Blog by Sumana Harihareswara, Changeset founder
Miscellaneous
Hi, reader. I wrote this in 2011 and it's now more than five years old. So it may be very out of date; the world, and I, have changed a lot since I wrote it! I'm keeping this up for historical archive purposes, but the me of today may 100% disagree with what I said then. I rarely edit posts after publishing them, but if I do, I usually leave a note in italics to mark the edit and the reason. If this post is particularly offensive or breaches someone's privacy, please contact me.
Winter in New York City; learning to love the gurgle of the radiator.
Project management is sometimes a matter of asking an obvious question, then standing there with an expectant look while your team member gets around to promising they'll do what they know they ought to do.
At karaoke, some songs had music videos -- not the original music videos, of course, but karaoke music videos, much cheaper in cost and effect, one step above B-roll. Motorcycle riders, abandoned warehouses, beaches, you know. The video for Radiohead's "Creep" featured a hunchbacked dude yearning for a woman who rejected him. I told my fellow singers, "I'm waiting for the bit where he invents Facebook."
The BBC Radio 4 Friday Night Comedy Podcast has been the News Quiz for several weeks; I'm looking forward to the next installment, a The Now Show. The News Quiz has introduced me to socialist/nihilist comedian Jeremy Hardy, perhaps to make up for all the reactionary snark. Let me quote from the 8 January show:
Sandi Toksvig: Miles, whose Gallic grump is of global proportions?Miles Jupp: .... It turns out that the French -- they are the most depressed people in the world. Which is a surprise. Well, I suppose what it teaches you -- that if you live in a country where people are either rioting, shrugging, or refusing to work, it will eventually grind you down.
Sandi: We only came fifth. Fifth!
Miles: In the grumpy?
Sandi: In the grumpiness! They must have only polled people who don't watch EastEnders. Fifth!
Jeremy Hardy: It was developing countries where people are more cheery, wasn't it?
Sandi: The Nigerians are, apparently, very cheerful.

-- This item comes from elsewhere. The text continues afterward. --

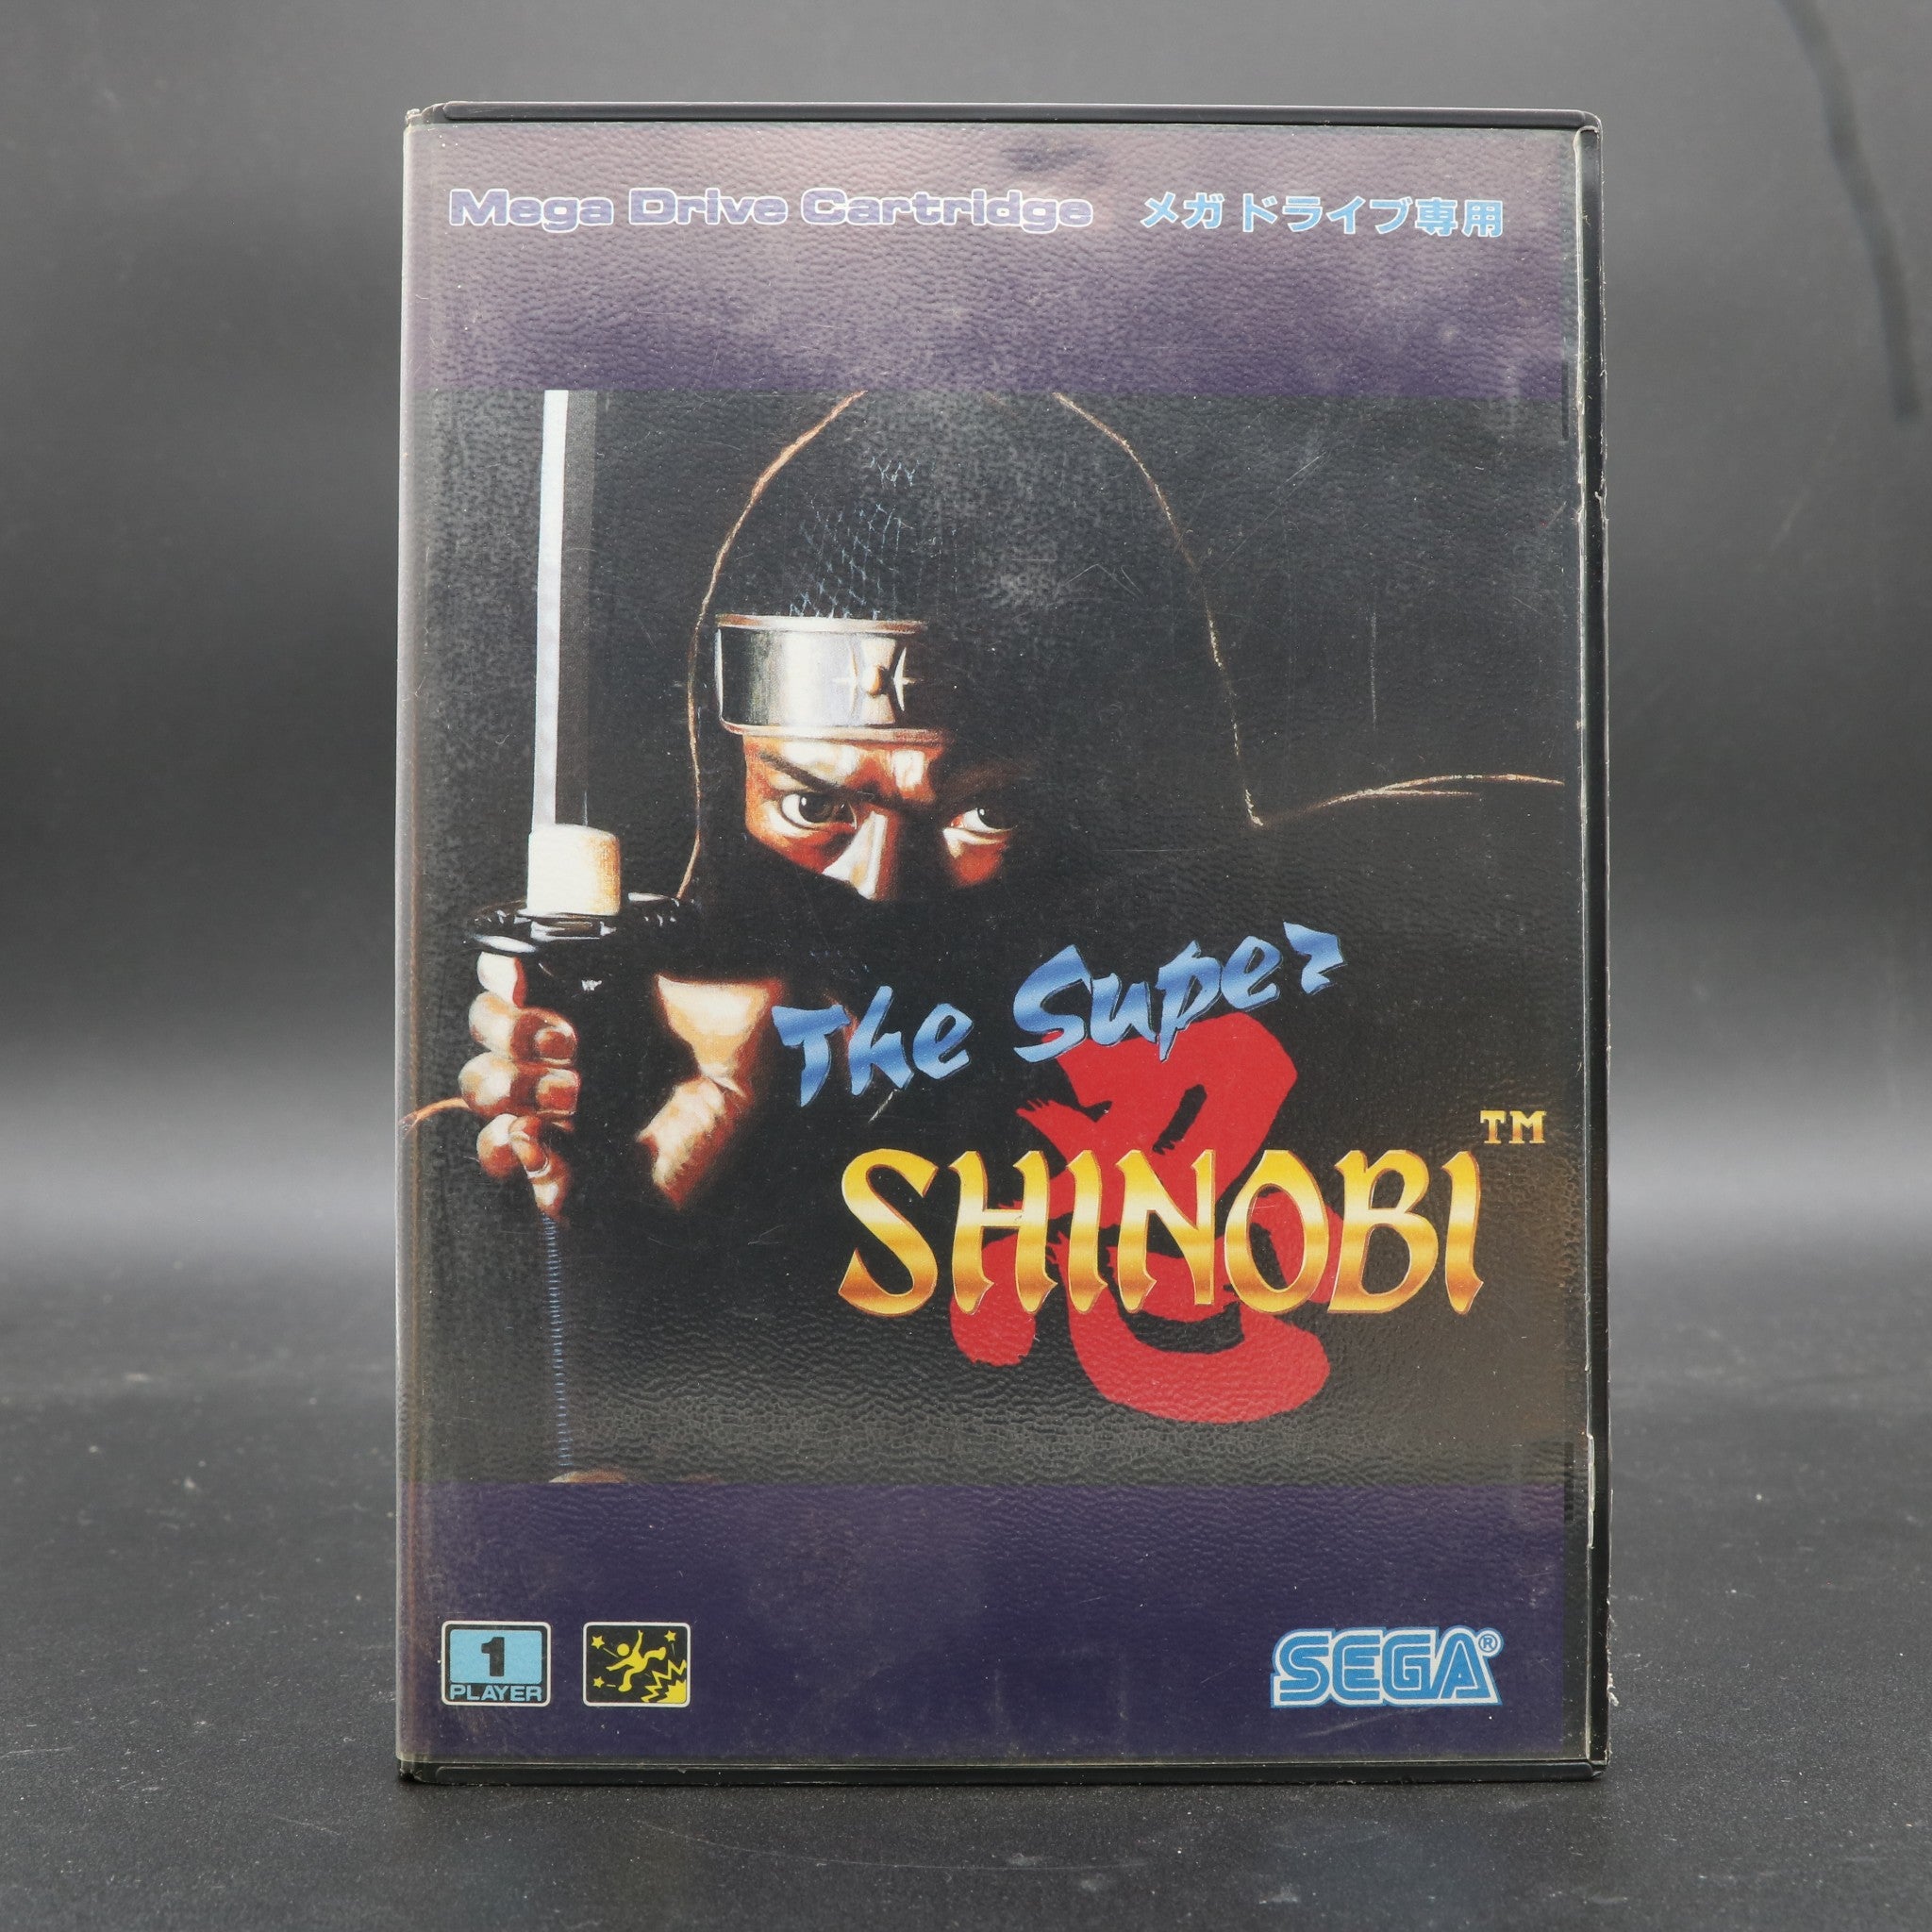 The Super Shinobi - Sega Mega Drive Game - Japanese Version - Boxed

Jeremy: Well, because when people are materially disadvantaged, maybe they're more optimistic, because they know that their destiny's not entirely in their own hands. And so they just have to hope for the best. Whereas in the developed world, where materially we've got plenty of stuff, and lots of opportunities, we know that the only thing stopping us from being happy is ourselves, which of course is a kind of downward spiral into disillusionment and hopelessness, isn't it, really? Because you can't -- you're never gonna get rid of yourself, so if you're basically unhappy, you're always gonna be unhappy, and in the remaining time that you've got left, you're either gonna be in despair about the fact that you've wasted your life, or maybe a bit cheerful about the fact that it's nearly over.
Miles: How depressed must the French be!
Sandi: And a very happy New Year to us all.
You're not going to hear that on Wait, Wait, Don't Tell Me.